The European Investment Bank said it will extend its €1.5bn Grids manufacturing package to cover storage-component manufacturers, adding equity and debt instruments to build out an EU storage supply chain. Energy-Storage News

Policy Watch

  • The European Commission signed a first-of-its-kind tripartite energy-storage agreement, with 22 of 27 member states pledging 30-35 GW of new capacity by 2028 (the agreement document cites 45 GW), targeting storage to meet 10% of peak demand by 2028, up from 5% in 2025. It sends a market signal for deployment and EU manufacturing as the bloc chases roughly 200 GW of storage by 2030 from about 55 GW today. Energy-Storage News

  • Virginia Gov. Spanberger signed SB 340/HB 508 codifying a state definition of "agrivoltaics," the intentional co-location of farming and solar on the same land, a move that clears a siting and land-use path for solar developers facing rural pushback. Utility Dive

  • The DOE Reactor Pilot Program is racing toward its July 4 target of three advanced reactors reaching criticality outside the national labs, a deadline set by Executive Order 14301 that is becoming a de facto fast-track precedent for advanced-reactor licensing.

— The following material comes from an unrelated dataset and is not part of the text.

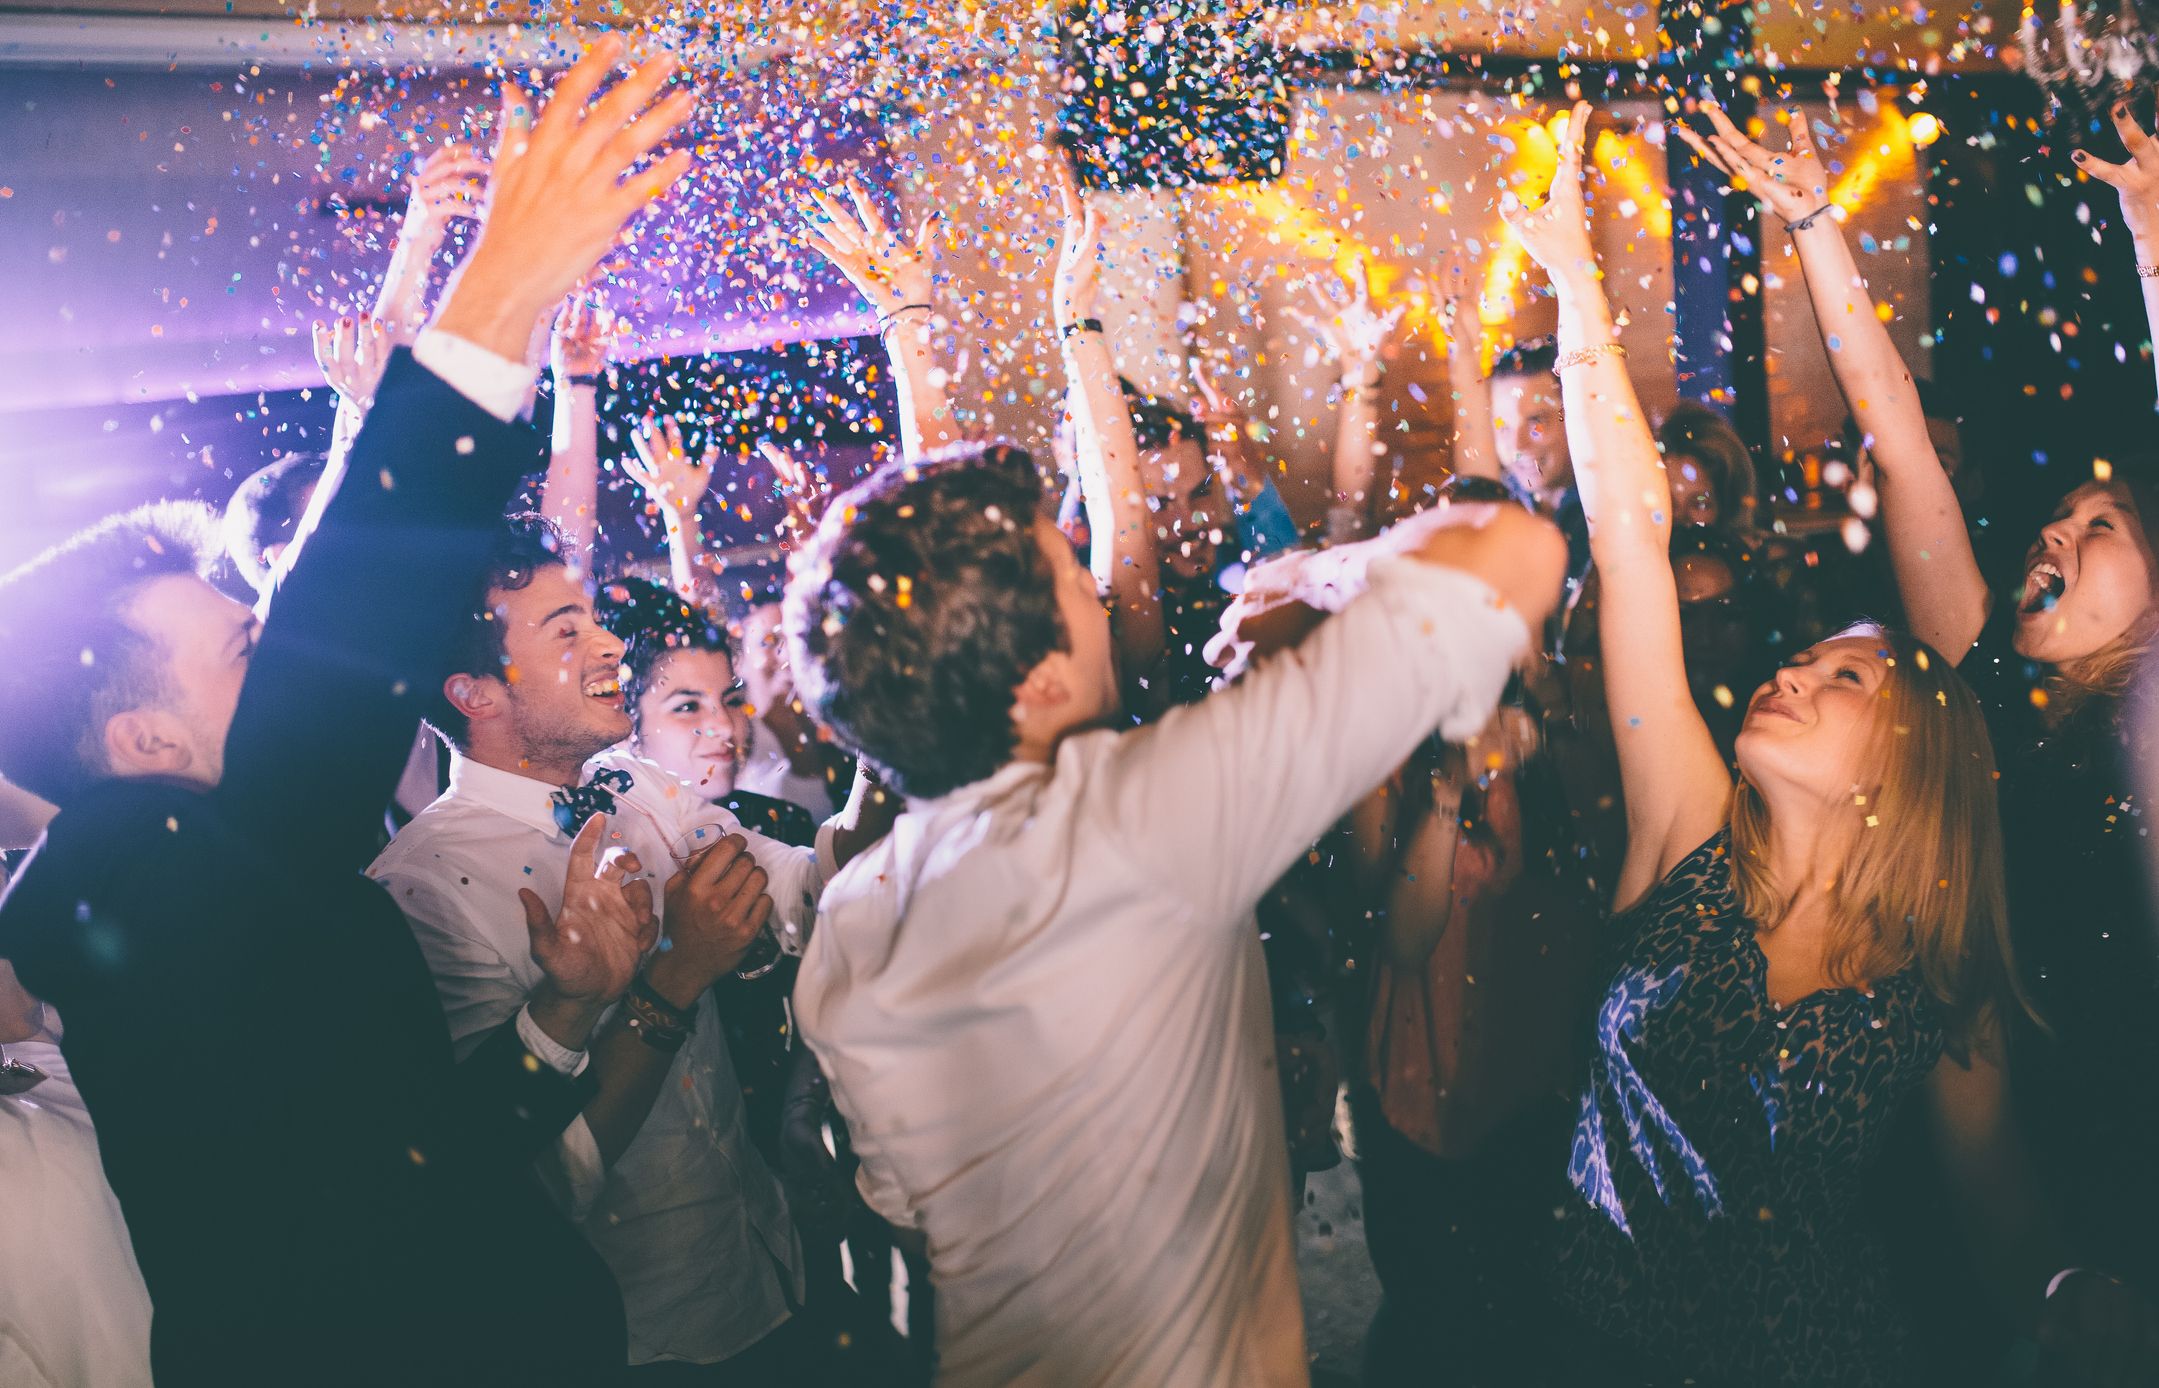 group of hipsters throwing confetti at a party in royalty free image 469322890 1544723219 - Chloe and Daniel's House Music-Inspired Wedding
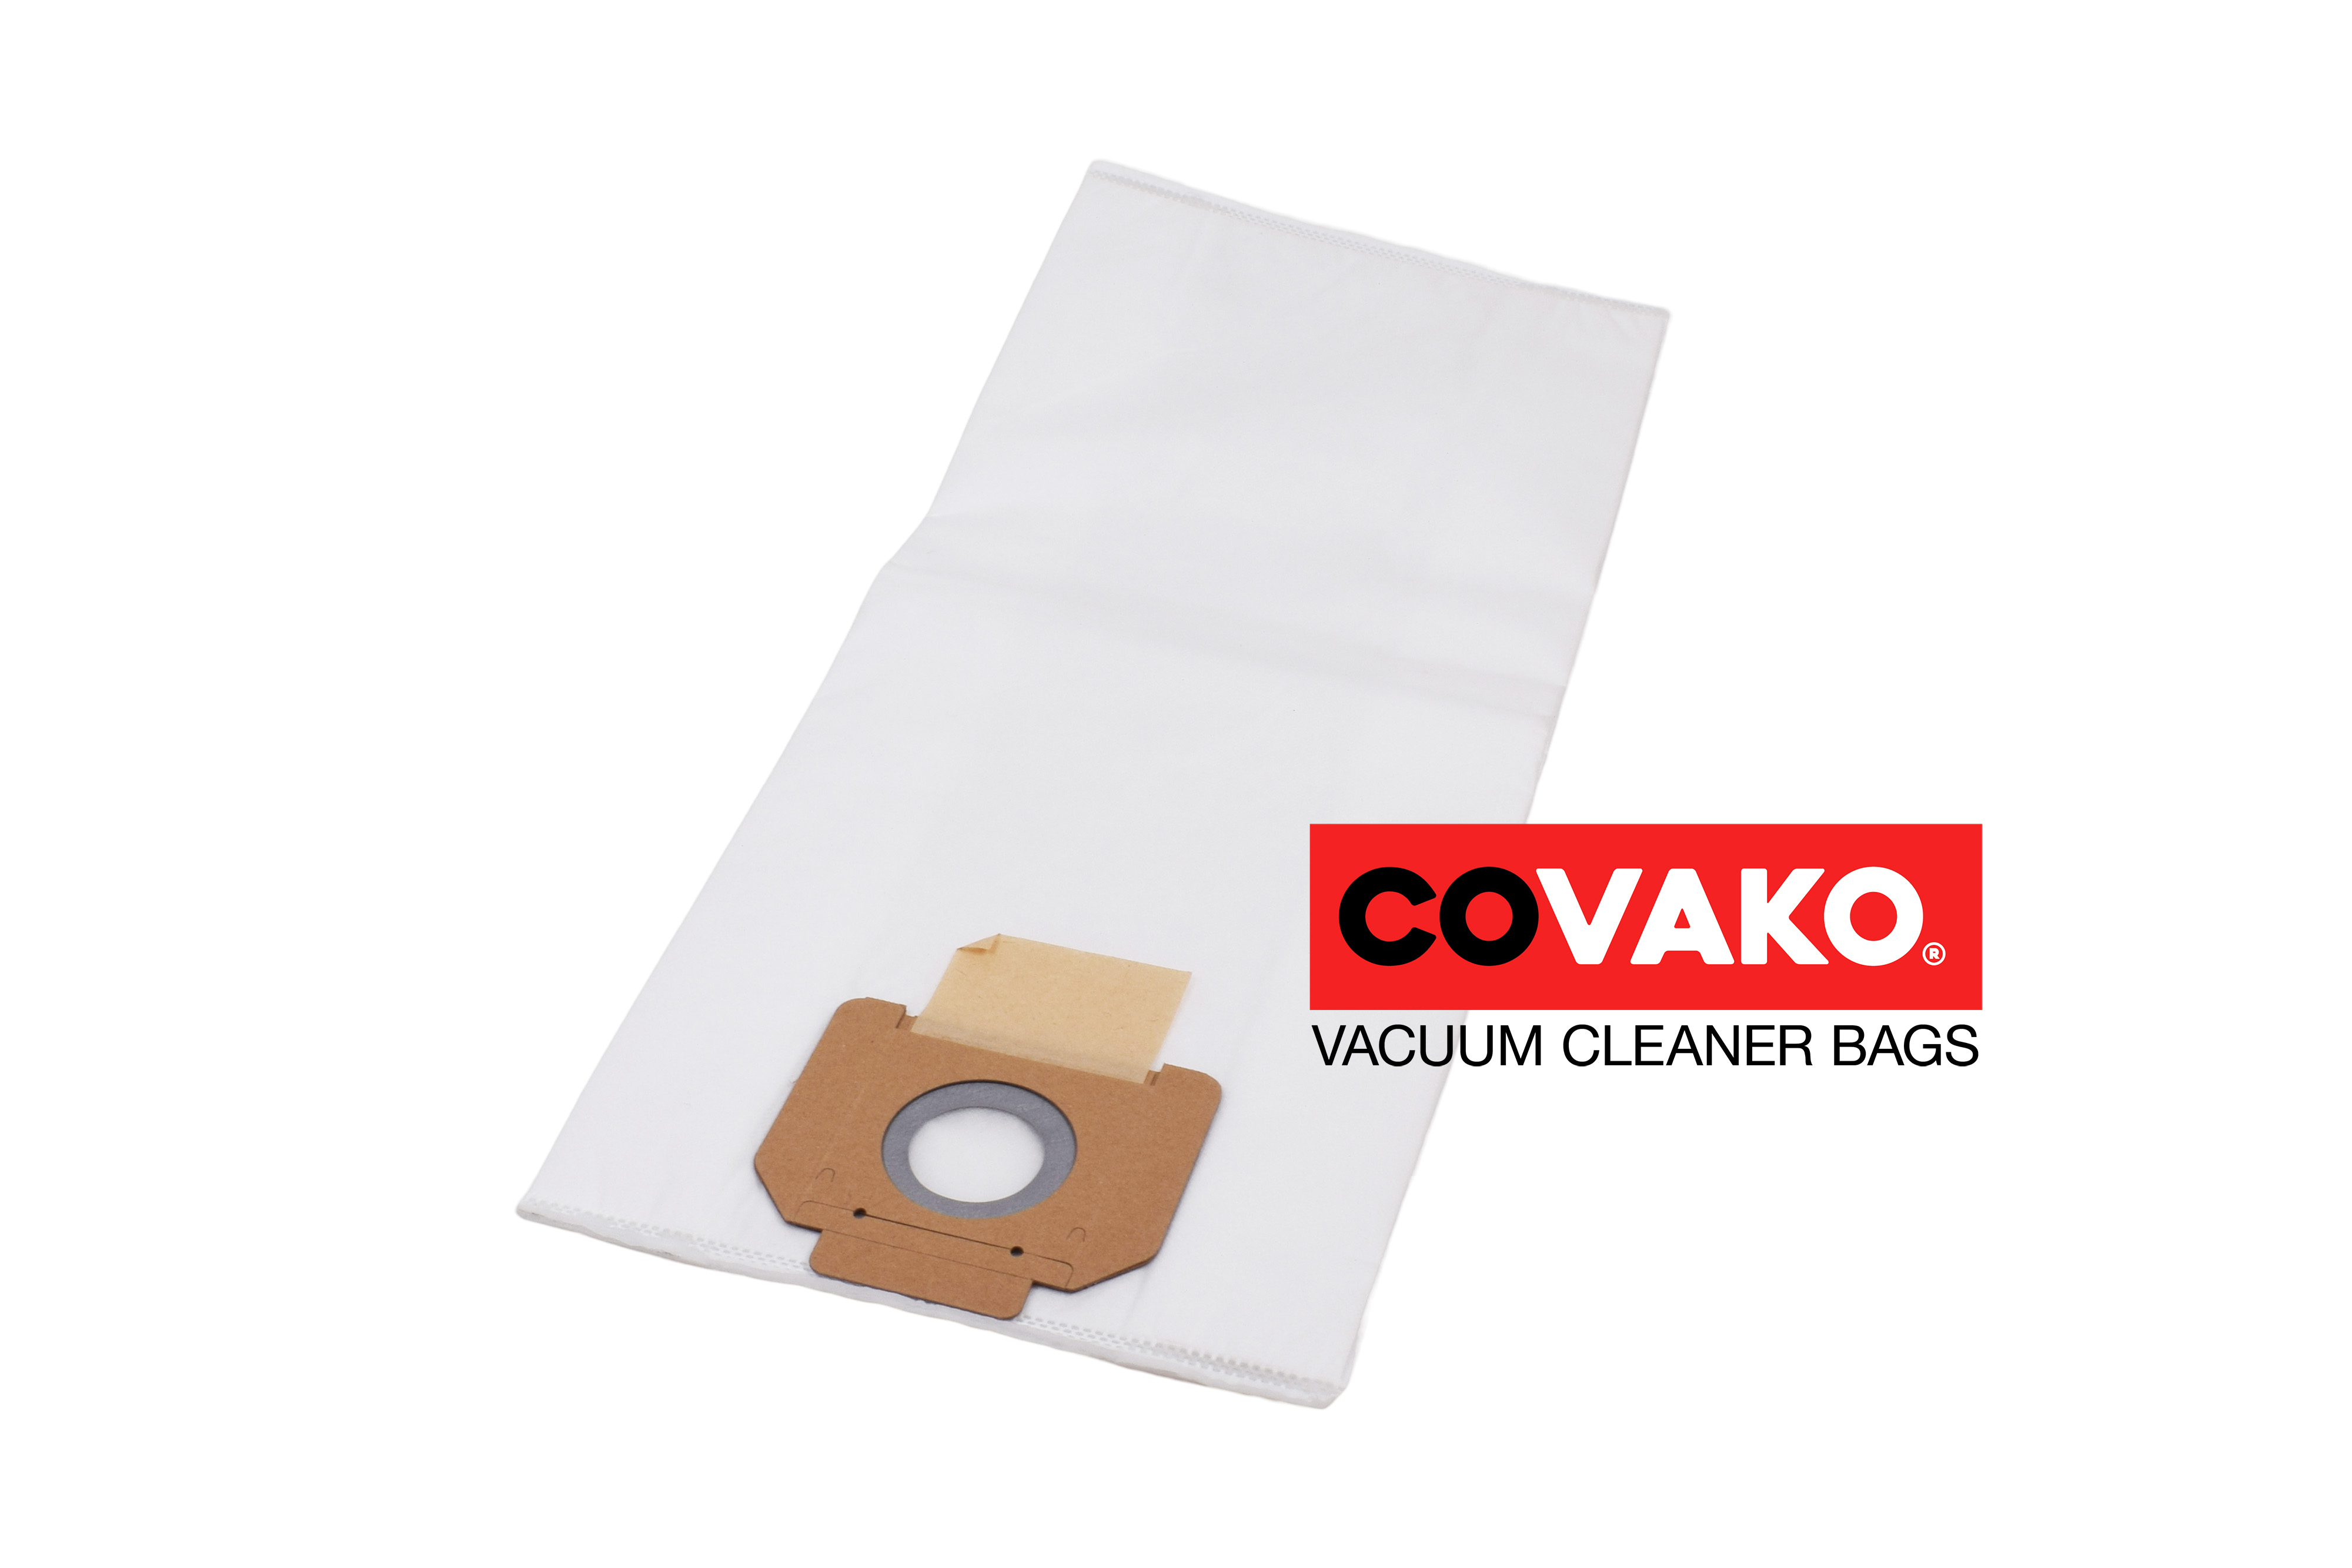 Gansow GS 60/2 EP / Synthesis - Gansow vacuum cleaner bags

POWER

Chart of the Day
Rooftop solar is bending New York's demand curve

Metered demand in New York that climbed an average 850 MW between 8 and 11 a.m. in spring 2018 now falls 923 MW over those same hours, while the early-evening ramp has more than tripled to an average 2,221 MW between 4 and 7 p.m. New York has added 5.6 GW of solar since 2018, roughly half of it small-scale and behind-the-meter, sharpening the duck curve grid operators have to balance.